В Одессе я успел поговорить незадолго до его смерти с Ройтбурдом, о котором мы уже говорили сегодня. Человек, который оказывал на меня огромное влияние именно своими разговорами о живописи. Именно о живописи мы с ним в основном и говорили. Именно его представления об Одессе как о метафизическом городе, если брать его архитектуру, его рисунок, а не увязать в подробностях этого, в общем, довольно пошлого мифа. Не столько пошлого, сколько истершегося.

Нет, интересных людей масса. Но я не собираюсь пока ничего писать по итогам, кроме тех интервью, которые я опубликовал. Мне, кстати, было безумно интересно посмотреть с Вилленом Новаком. Вот это интервью я опубликую. Виллен Новак снял поразительный фильм «Чому я живий» («Почему я жив») по повести Евгения Митько «Теперь я турок, не казак». Фильм с колоссальным эстетическим пережимом, но очень интересный. К сожалению, он вряд ли будет в российском прокате. На Одесской студии.

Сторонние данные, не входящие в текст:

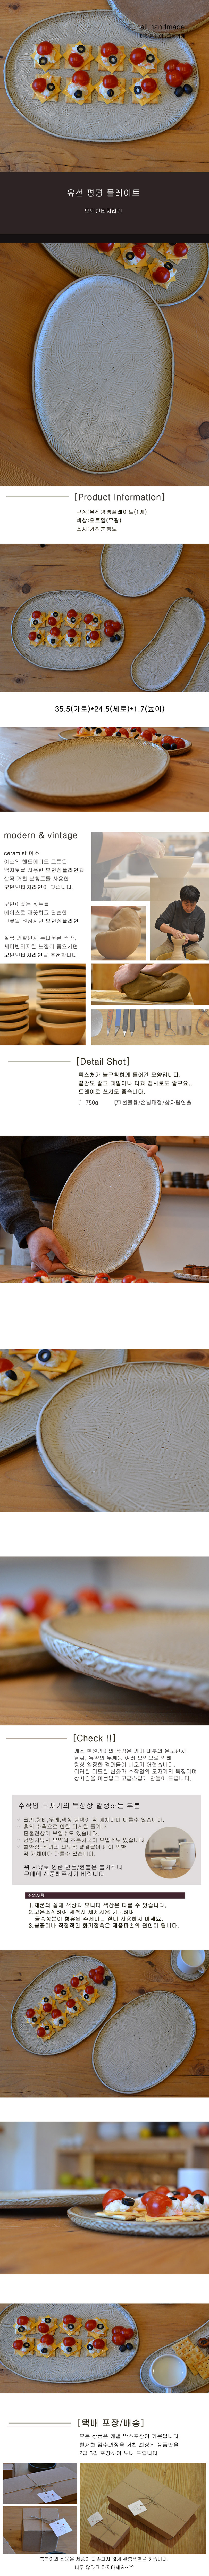 all handmade 테이블웨어 그릇가게 유선 평평 플레이트 모던빈티지라인 Product Information 구성 : 유선평평플레이트(1개) 색상 : 오트밀(무광) 소지 : 거친분청토 35.5(가로)*24.5(세로)*1.7(높이) modern & vintage, ceramist 이소 이소의.. all handmade 그릇은 백자토를 사용한 모던심플라인과 사질 분청토를 사용한 모던빈티지라인이 있습니다. 모던이라는 화두를 베이스로 깨끗하고 단순한 그릇을 원하시면 모던심플라인, 내추럴한 질감에 톤다운된 색감, 세미빈티지한 느낌이 좋으시면 모던빈티지라인을 추천합니다. Detail Shot, 텍스처가 불규칙하게 들어간 모양입니다. 질감도 좋고 과일이나 다과 접시로도 좋구요.. 트레이로 쓰셔도 좋습니다. 750g 선물용/손님대접/상차림연출, Check!!, 개스 환원가마의 작업은 가마 내부의 온도편차, 날씨, 유약의 두께등 여러 요인으로 인해 항상 일정한 결결과물이 나오기 어렵습니다. 이러한 미묘한 변화가 핸드메이드 그릇의 특징이며 상차림을 아름답고 고급스롭게 만들어 드립니다. 수작업 도자기의 특성상 발생하는 부분, 크기, 형태, 무게, 색상, 광택이 각 개체마다 조금씩 다를 수 있습니다. 번조시(불때기) 수축으로 인해 미세한 돌기나 핀홀현상이 간혼 있을수도 있습니다. 덤빙시유하여 유약의 흐름자국이 보일수도 있습니다. 철반점은 작가의 의도적 결과물이며 이 또한 각 개체마다 다를 수 있습니다. 위 사유로 인한 교환/반품의 경우 왕복택배비는 고객님의 부담입니다. 주의사항 1. 제품의 실제색상과 모니터 색상상은 다를 수 있습습니다. 2. 고온소성하여 세척시 세제사용 가능하며 금속성분이 함유된 수세미는 절대 사용하지 마세요. 3. 불꽃이나 직접적인 화기접촉은 제품파손의 원인이 됩니다. 택배 포장/배송 모든 상품은 개별 박스포장이 기본입니다. 철저한 검수과정을 거친 최상의 상품만을 2겹 3겹 포장하여 안전하게 보내 드립니다. 교환/반품이 가능한 경우 *상품을 받으신 날로붙부터 5영업일(7일)이내 Q&A게시판에 상품사진과 요청글을을 올려주세요. *교환/반품은 전화상담이나 Q&A게시판 고객상담후 진행됩니다. *상품의 재포장은 최초 포장상태와 같아야 합니다.(파손방지) *신청없이 상품을 보내어 분실 되는경우 변상되지 않으며 청약철회가 진행되지 않습니다. 교환/반품이 불가능한 경우 *고객님의 책임있는 사유로 상품등이 멸실 또는 훼손된 경우 *케이스 및 전용포장이 있는 경우 (포장이 개방/훼손되어 상품가치가 상실된 경우) *고객님의 사용/소비로 인한 상품가치가 상실된 경우 *시간의 경과등에 의해 재판매가 곤란할 정도의 상품등의 가치가 하락한 경우 *주문제작 상품 및 작품의 경우 단순변심에 의한 교환/반품의 경우 구매금액에 상관없이 왕복 배송비는 고객님이 부담핫하셔야합니다. (색상교환,사이즈교환)

Виллен Новак — это и «Красные дипкурьеры», и «Вторжение», и «Дикая любовь». Человек, который именно в жанре такой мелодрамы на разрыв аорты, тоже очень ироническом, очень пародийном, умудряется делать шедевры. Тут есть о чем поговорить. Хотя «Вторжение» вполне серьезная картина, лучший сценарий Говорухина. Вот это мы с ним обсудили, об этом мы говорили весьма интересно. В том числе и о сегодняшнем состоянии Одесской студии. Генеральный директор ее Андрей Осипов, который, в общем, и устроил этот разговор, был директором этого фильма. Он показал мне эту студию. Я с наслаждением по этим легендарным местам побродил.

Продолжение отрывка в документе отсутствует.